FvB mice were given an intraperitoneal injection of y27632 (10 mg/kg) or saline (5 mice in each group). After 1 h, dasatinib 10 mg/kg was given intraperitoneally. After 4 h, Evans blue (2 mg/kg) in sterile phosphate‐buffered saline (20 μL) was infused via the tail vein and after 30 min, the animals were killed and the thoracic cavity was opened. The lung vasculature was washed by perfusion with 100 mL of phosphate‐buffered saline (0.1 mol/L NaCl, 0.05 mol/L Phosphate, pH 7.4) via the right ventricle. The lungs were harvested, blotted, weighed, and snap frozen in liquid nitrogen. The frozen lung was pulverized in tissue homogenizer and incubated in dimethyl formamide overnight at 37°C. The concentration of EB was determined by spectrophotometry using an excitation at 620 nm and emission at 680 nm wavelength 13, and expressed as Evans blue per gram of lung tissue. To test the effect of ROCK1 deficiency, in separate experiments, control and ROCK−/− FVB mice were given intraperitoneal injection of dasatinib 10 mg/kg daily for 5 days. On the sixth day, Evans blue 2 mg/kg in PBS (20 μL) was infused via the tail vein and after 30 min, the animals were killed and extravascular Evans blue was determined as above.

Results

Increased permeability of dasatinib‐treated microvascular endothelial cells

Using monolayers of HMEC‐1 in a Transwell apparatus, we tested the effect of therapeutic concentration of dasatinib (100 ng/mL) on the barrier function by evaluating the permeability to FITC‐dextran. As seen in Figure 1A, transendothelial transport of FITC‐dextran across the endothelial cell monolayer was increased within 5 min following the addition of dasatinib compared to the untreated endothelial cells. The maximum effect was seen within an hour. Under similar conditions, imatinib had no effect on permeability (Fig. 1B) even at a concentration of 400 ng/mL (data not shown).

Figure 1.

Figure 1

Effect of dasatinib on endothelial permeability. Human microvascular endothelial cells‐1 were seeded on Transwell insert plates (membrane pore size: 3 μm) and after confluence fluorescein isothiocyante (FITC)‐dextran (1.0 mg/mL) was loaded to the apical chamber and the cells were treated with 100 ng/mL dasatinib (A) or Imatinib (B). At various times, the lower chamber was sampled for the presence of FITC‐dextran. Results are mean and SD of quadruplicate wells of typical experiments. *P value of < 0.05 or less for dasatinib versus dimethyl sulfoxide (vehicle).

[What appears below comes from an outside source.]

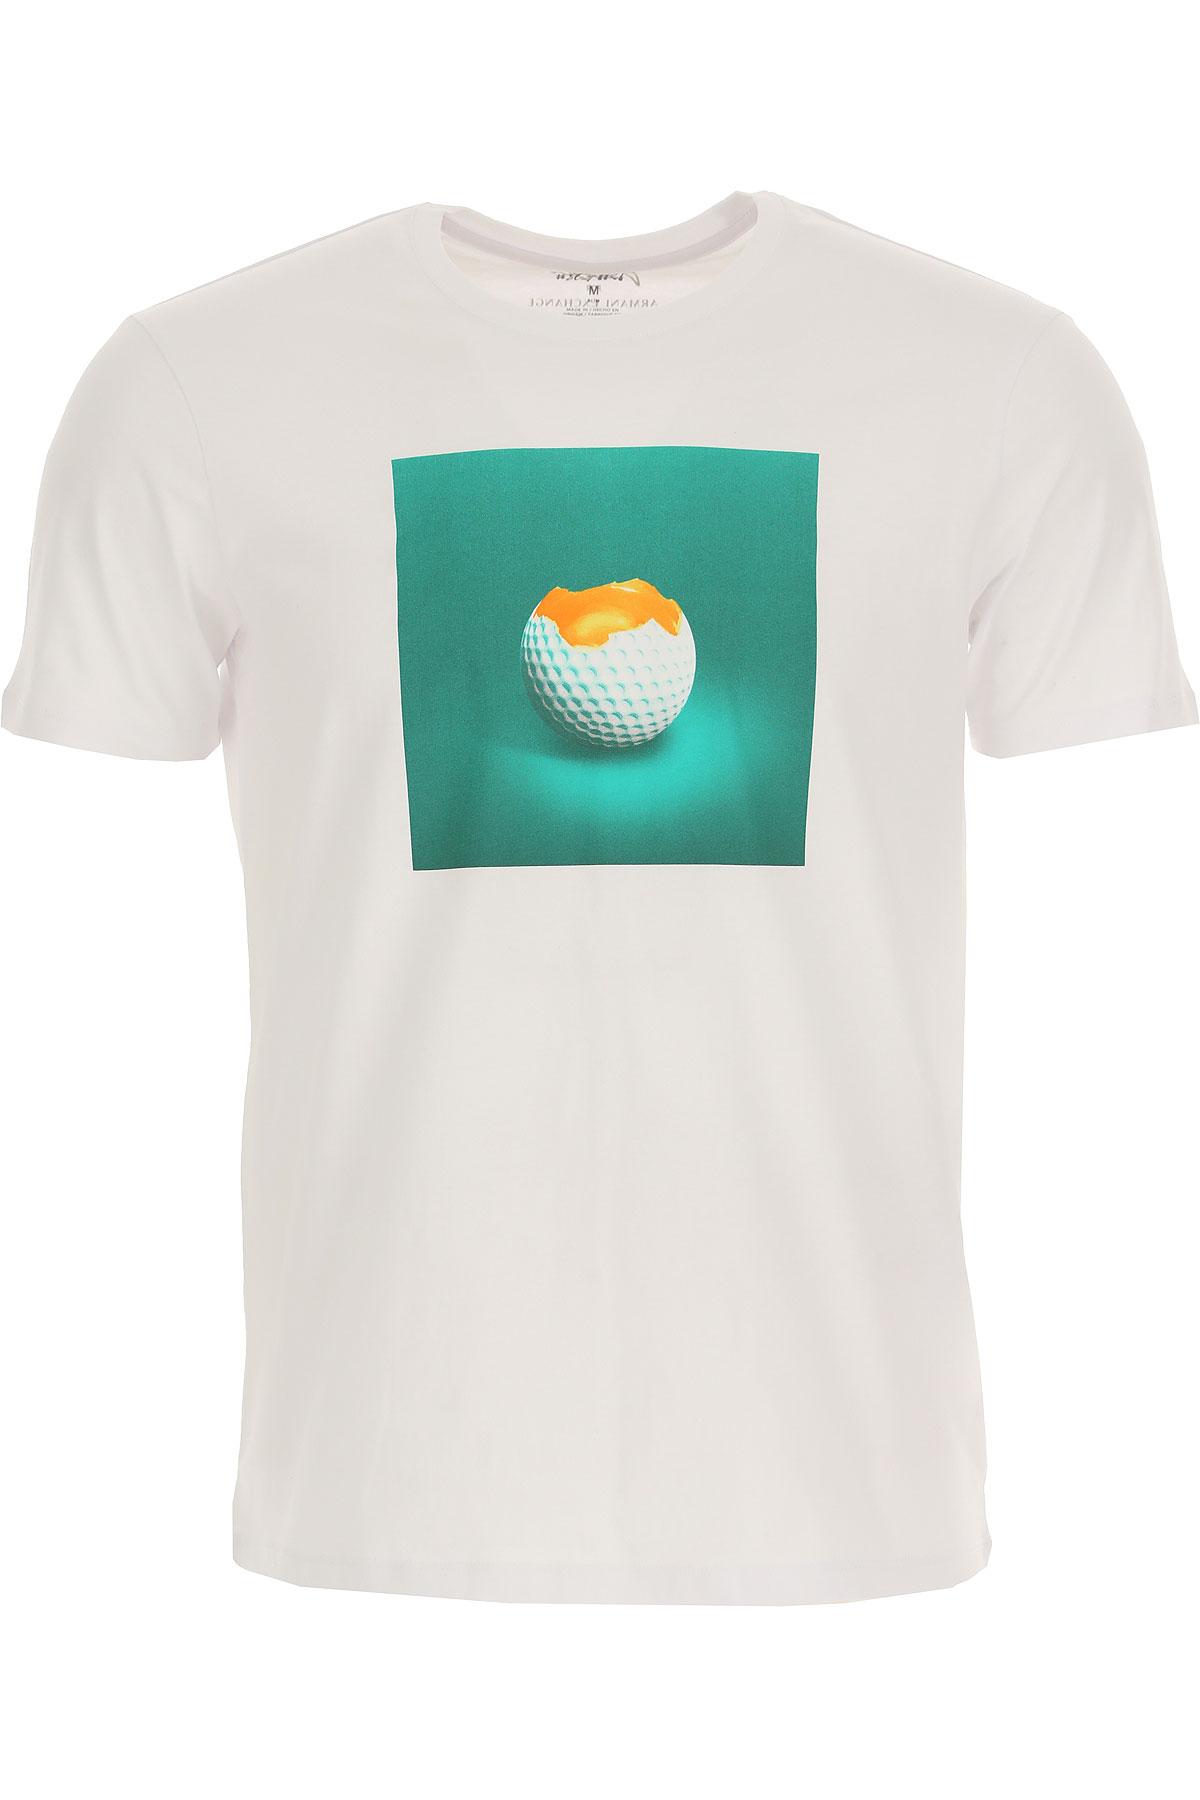 Emporio Armani T-shirt Homme Pas Cher En Soldes, Ax Street Art Limited Edition , Blanc, Coton, 2019, L M S XXL

Activation of RhoA/ROCK pathway by dasatinib

The small GTPase RhoA primarily regulates the cytoskeletal organization that controls the endothelial permeability. We measured the effect of dasatinib on RhoA activation. Dasatinib induced a rapid activation of RhoA in monolayers of HMEC‐1 (Fig. 2A). Consistent with the ability of dasatinib to induce RhoA activation, RhoA inhibitor I (C3 transferase) blocked dasatinib‐induced permeability (Fig. 2B). Two closely related kinases, Rho‐associated coiled‐coil serine/threonine kinase‐1 (ROCK1) and 2 (ROCK2) have been identified as key downstream effectors of RhoA. ROCK kinases enhance MLC activity by directly phosphorylating MLC on threonine 18/19 and/or inhibiting the myosin phosphatase. Phosphorylation of MLC also promotes myosin ATPase activity and facilitates actomyosin contraction and loss of barrier function. Therefore, we evaluated the effect of dasatinib on MLC phosphorylation. Compared to the DMSO treatment, dasatinib treatment resulted in a moderate but significant increase in MLC phosphorylation, which was attenuated by the ROCK inhibitor y27632 (Fig. 2C). Under similar conditions, imatinib had no effect on RhoA activation (data not shown).

Figure 2.

Figure 2

RhoA activation in dasatinib‐treated cells. (A) Rhotekin‐linked agarose beads were used to pull down Rho‐GTP from lysates of human microvascular endothelial cells‐1 (HMEC‐1) at indicated times after dasatinib incubation. The samples were then immunoblotted with anti‐RhoA Ab. (B) Effect of RhoA inhibition on endothelial permeability. HMEC‐1 were seeded onto Transwell insert and incubated with vehicle [dimethyl sulfoxide (DMSO)], dasatinib or the combination of dasatinib and the RhoA inhibitor I, C3. At various times, the lower chamber was sampled and analyzed for the presence of fluorescein isothiocyante‐dextran. Results are mean and SD of quadruplicate wells of typical experiments. (C) HMEC‐1 were incubated with dasatinib (100 ng/mL) and the cells were solubilized. Lysates were subjected to SDS‐PAGE, electrophoretically transferred to PVDF membranes and immunoblotted with antibodies to total and Phospho‐myosin light chain. The ratios of relative band intensities (means and SD) of three independent experiments are shown. * denotes a P value of less than 0.05 compared to DMSO.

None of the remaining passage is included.